Kur'an-ı Kerim ve Türkçe Meali Sayfa 569
11. Bir arada, birbirlerinin görüş mesafesinde oldukları halde. Hayatı günah hasadıyla geçmiş her inkârcı suçlu, o günün azabı karşısında ister ki, mümkün olsa da fidye olarak verse hattâ oğullarını,
12. Eşini, kardeşini,
13. Kendisine kol kanat germiş bütün sülâlesini,
14. O kadar ki, dünyada kim varsa hepsini, ta ki kurtulsun.
15. Ama ne mümkün! O, alev alev yanar bir ateştir,
16. Derileri soyup çıkaran;
17. Kendine çağırır hakka davete sırt döneni ve (Allah’a ibadetten) yüz çevireni,
18. Malı yığıp, (Allah yolunda ve muhtaçlar için) harcamayanı.
19. Gerçekten insan, sabırsız ve hırslı yaratılmıştır.
20. Başına bir kötülük geldi mi sızlanır;
21. Bir hayra konunca da onu başkalarıyla paylaşmak istemez.
22. Ancak hakkıyla namaz kılanlar bundan müstesnadır.
23. Onlar, namazlarını devamlı olarak, hiç geçirmeden kılarlar.
24. Mallarında belli bir hakkı olduğunu kabul ederler,
25. İstemekten başka çıkar yol bulamayan yoksulların ve (muhtaç oldukları halde, hallerini gizledikleri ve isteyemedikleri için) ihtiyaç içinde oldukları bilinmeyenlerin.
26. Onlar Din Günü’nü tasdik ederler;
27. Rabbilerinin azabından tir tir titrer (ve ona göre bir hayat sürerler).
28. Çünkü Rabbilerinin azabından kimse emin olamaz.
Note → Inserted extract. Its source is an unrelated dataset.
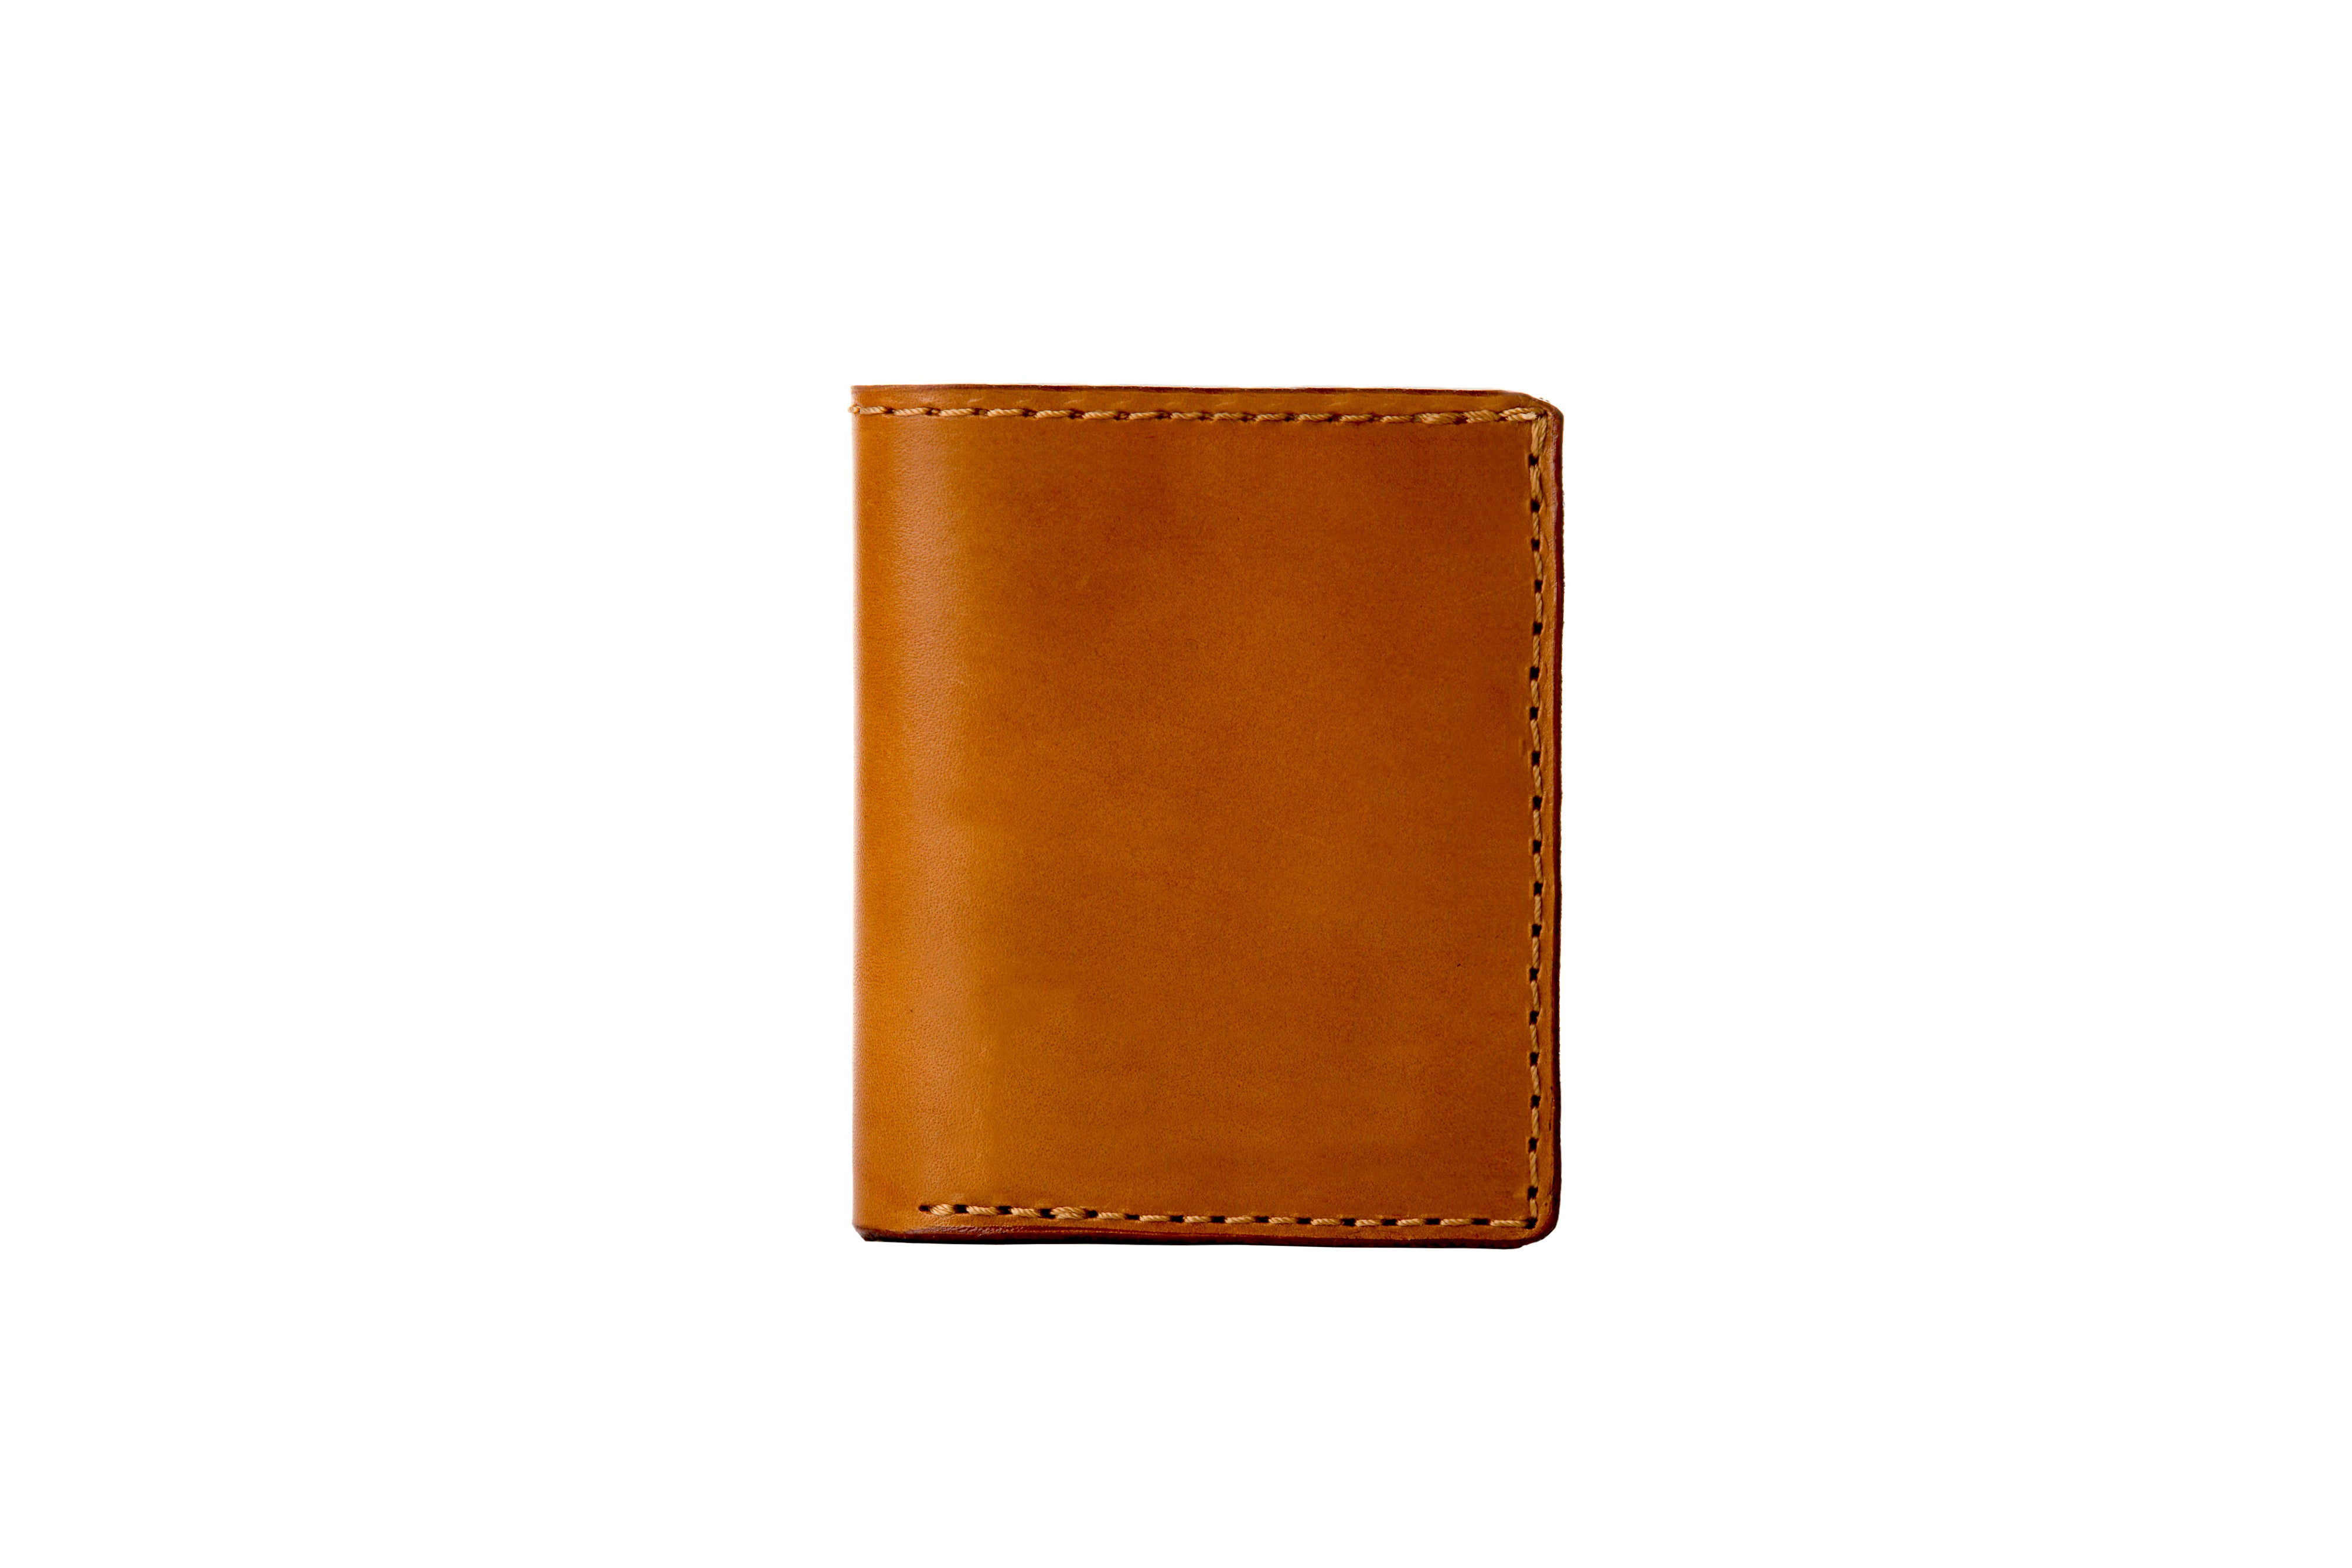 Leather Wallet Rectangular The Dust Company su Artisia Store
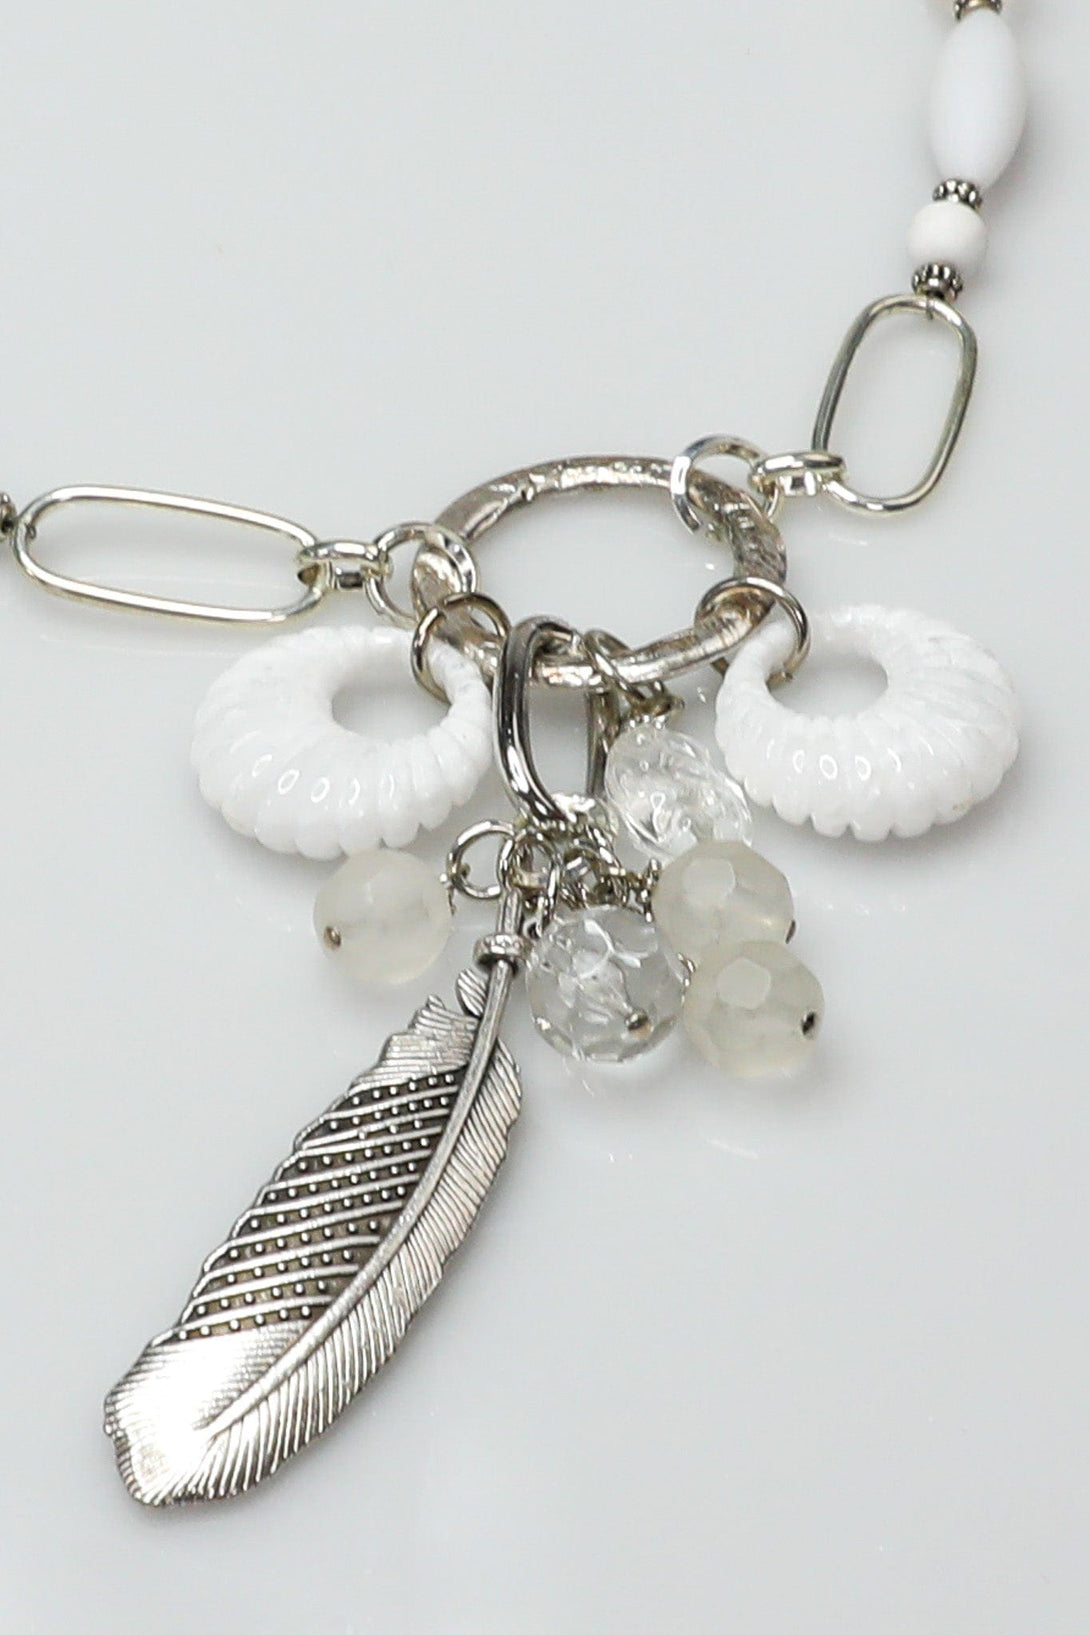 White and Silver Necklace with Feather Accent and Vintage Elements

29. Onlar, (harama karşı) ırzlarını ve mahrem yerlerini titizlikle korurlar;
30. Ancak, eşleri ve ellerinin altında bulunan cariyeleri müstesna. Bunlarla olan münasebetlerinden dolayı kınanmazlar.
31. Kim de, bunun ötesine geçmeye yeltenirse, öyleleridir sınır tanımazlar.
32. Onlar, üzerlerindeki ve kendilerine tevdi edilen her türlü emaneti dikkatle gözetir ve verdikleri sözleri tastamam yerine getirirler.
33. Onlar, şahitliklerini dürüstçe ifa eder (ve böylece hak ve adaletin ikamesine çalışırlar).
34. Onlar, bütün şartları ve rükünleriyle birlikte namazlarını kusursuz yerine getirirler.
35. O kutlu insanlar, cennetlerde ağırlanacaklardır.
36. O küfredenlere ne oluyor ki, (mü’minlerle alay etmek için,) gözlerini üzerine dikmiş, sana doğru koşarak geliyorlar,
37. Sağdan soldan gruplar halinde!
38. Onlardan her biri, (iman etmediği halde, “Eğer varsa, ben Cennet’e herkesten daha lâyıkım” deyip,) içinde nimetlerin kaynadığı Cennet’e alınmaya mı hevesleniyor?
39. Asla! Biz onları, çok iyi bildikleri o basit maddeden (nutfe) yarattık.